## Data Engineering about Movies
In this project we are extracting data from an API about movies and serving it to a Data Lake called Big Query . The data is about the likability.

## Required Python Libraries
Firstly we are going to install a couple of python libraries that will help us to execute the Extract Transform and Load Process . What we do is that we list all the Libraries in a file called 'requirements.txt'
the libraries include.

- pandas
- numpy
- google-cloud
- pyarrow
- requests

To install the above libraries , we run a python command

In [None]:
pip install -r requirements.txt

# Extract Transform Load Overview 

## Extract 
We shall be extracting our data from an API in this project

## Transform
This step is optional but this is the step where by we get to add columns , change data types of data columns . This is done according to business rules.

## Load
This is the step where we load our data into analytical environments , there are different tools that are used to achieve this but we are going to use Google Big query(Scalable Storage) in this project.

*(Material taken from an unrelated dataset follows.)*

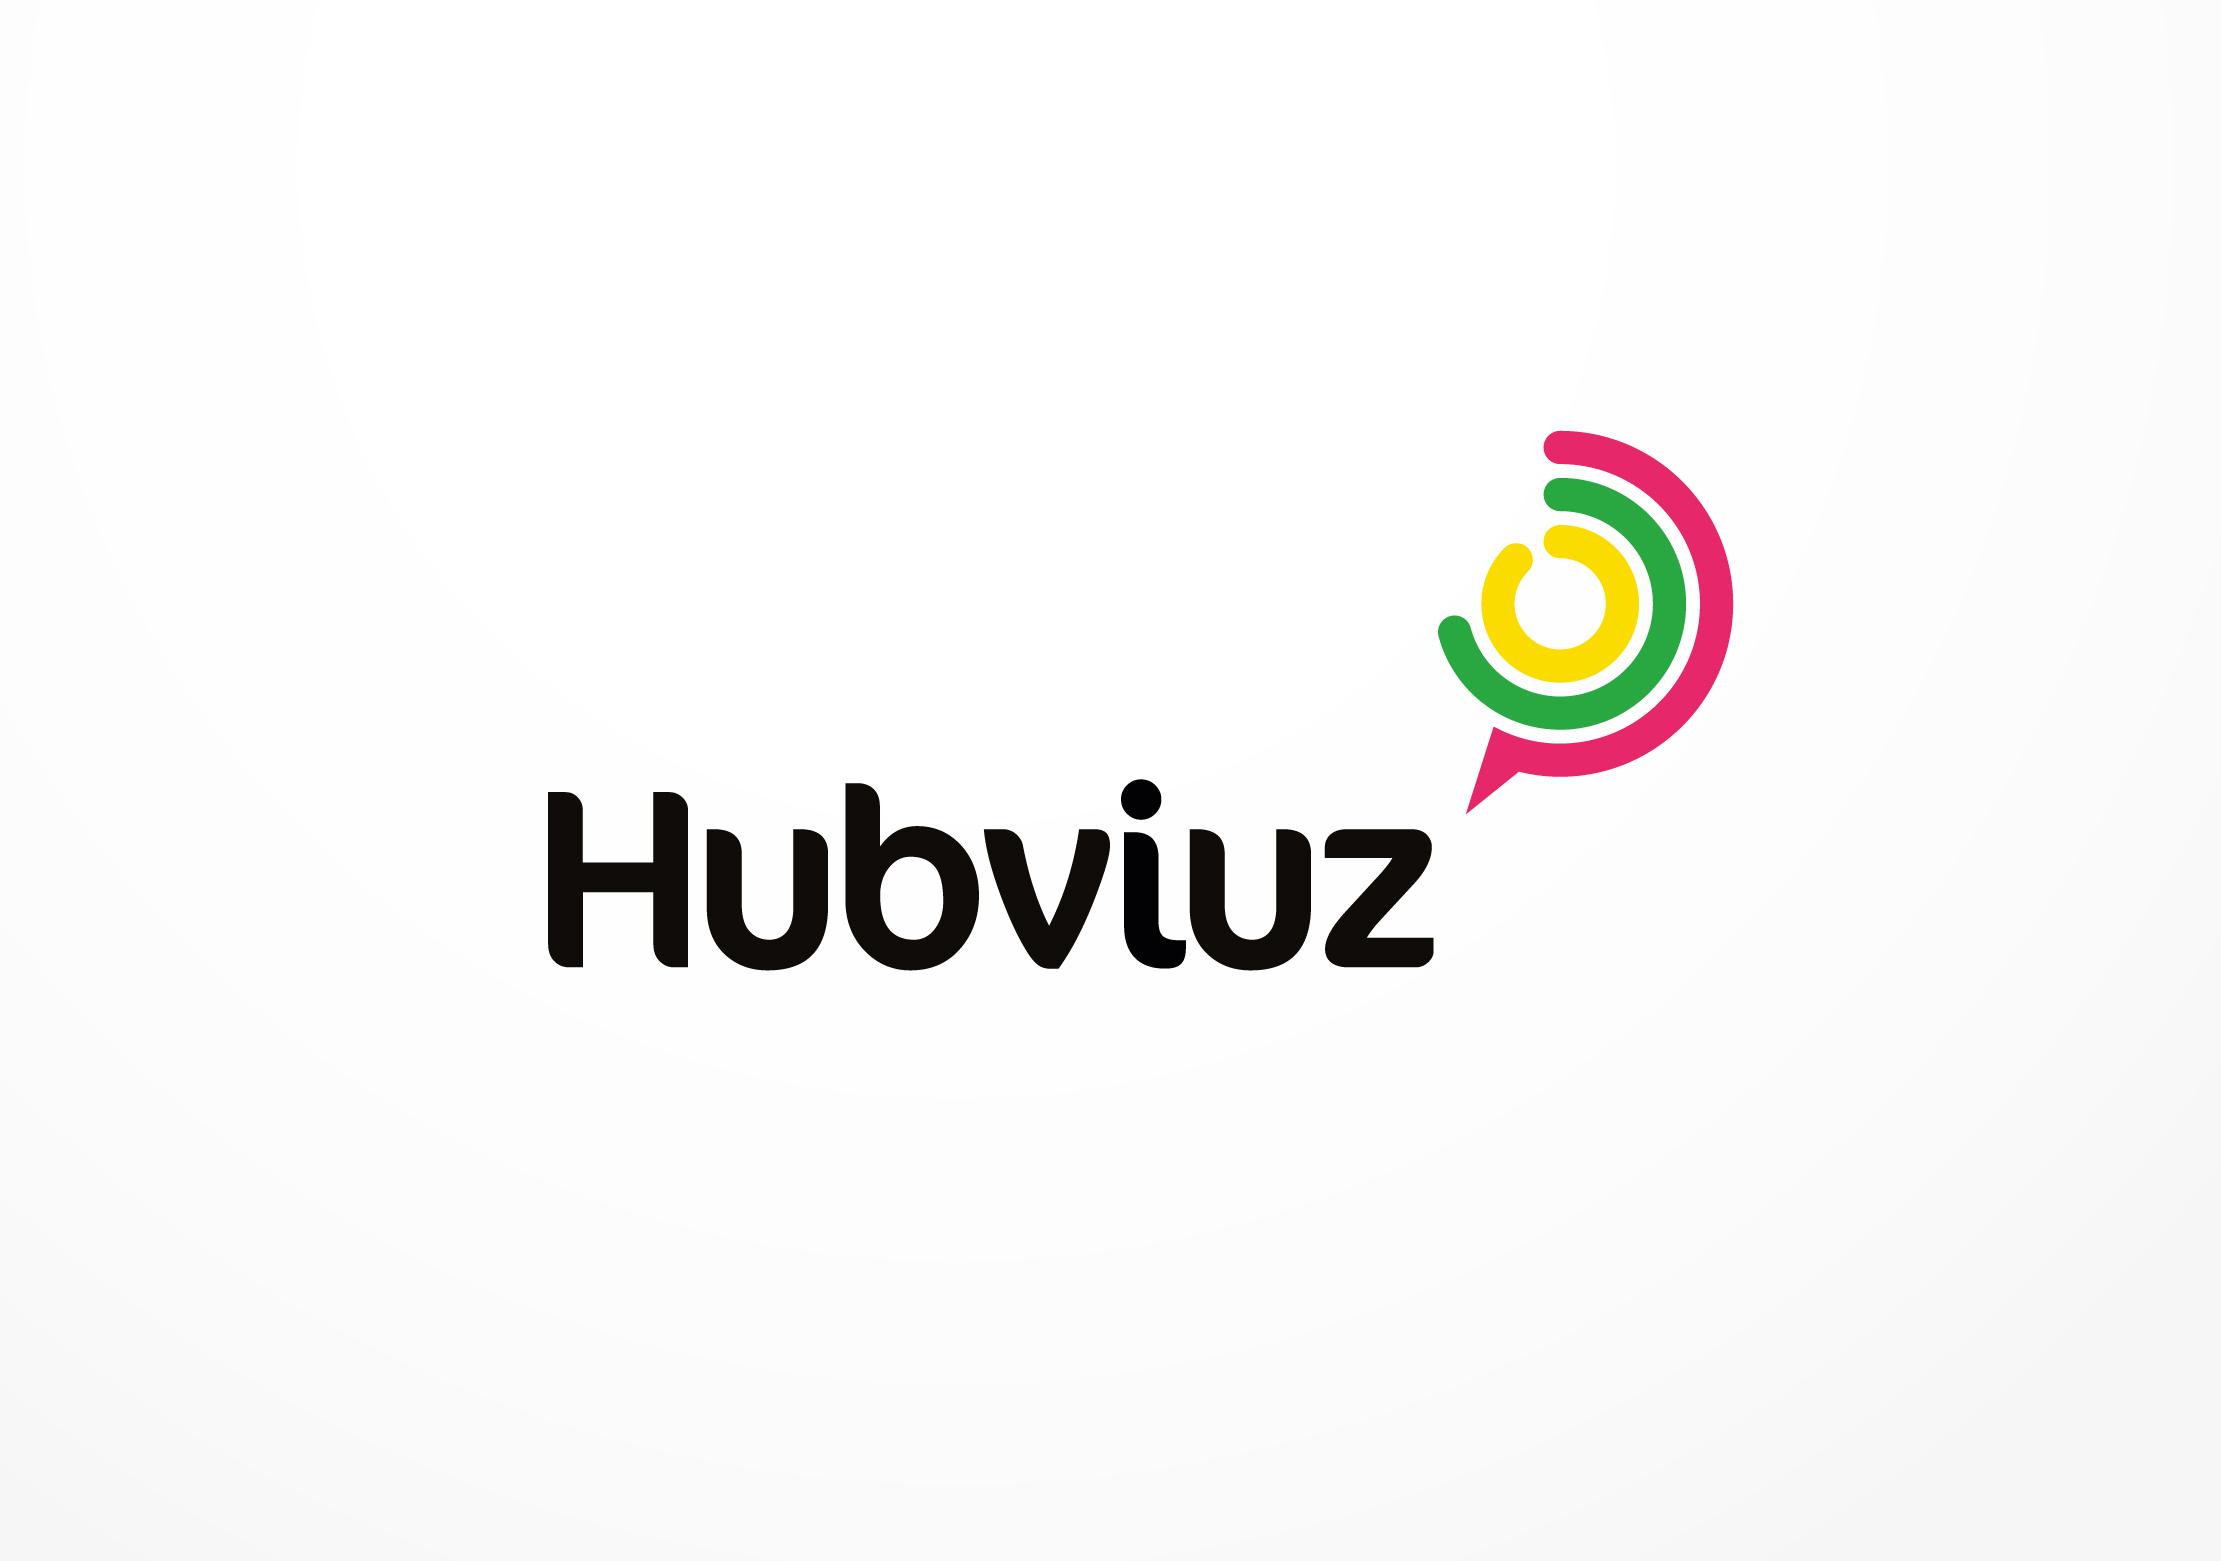 HUBVIUZ

## Connect to API using Python and getting a response




This is code for connection to the api . I only write this code here once to avoid repetition of code.



In [7]:
import requests
import json
import requests

url = "https://api.themoviedb.org/3/trending/movie/day?language=en-US"

headers = {
    "accept": "application/json",
    "Authorization": "Bearer eyJhbGciOiJIUzI1NiJ9.eyJhdWQiOiIxMzIwYjU5NmY1ZTNiMjg1MmFlNzk0ZmIyYzQzOWZlOSIsInN1YiI6IjY1YjkxNzhhZTlkYTY5MDE0OGYyZTk1MCIsInNjb3BlcyI6WyJhcGlfcmVhZCJdLCJ2ZXJzaW9uIjoxfQ.FgBnCTQBjxsfPN-6f6Dvkod85rWdVfb6Inp2Mnhy0SI"
}

params = {
    "language": "en-US",
    "page": 1,  # Adjust the page number to get more results
}

response = requests.get(url, headers=headers , params=params)

print(response.text)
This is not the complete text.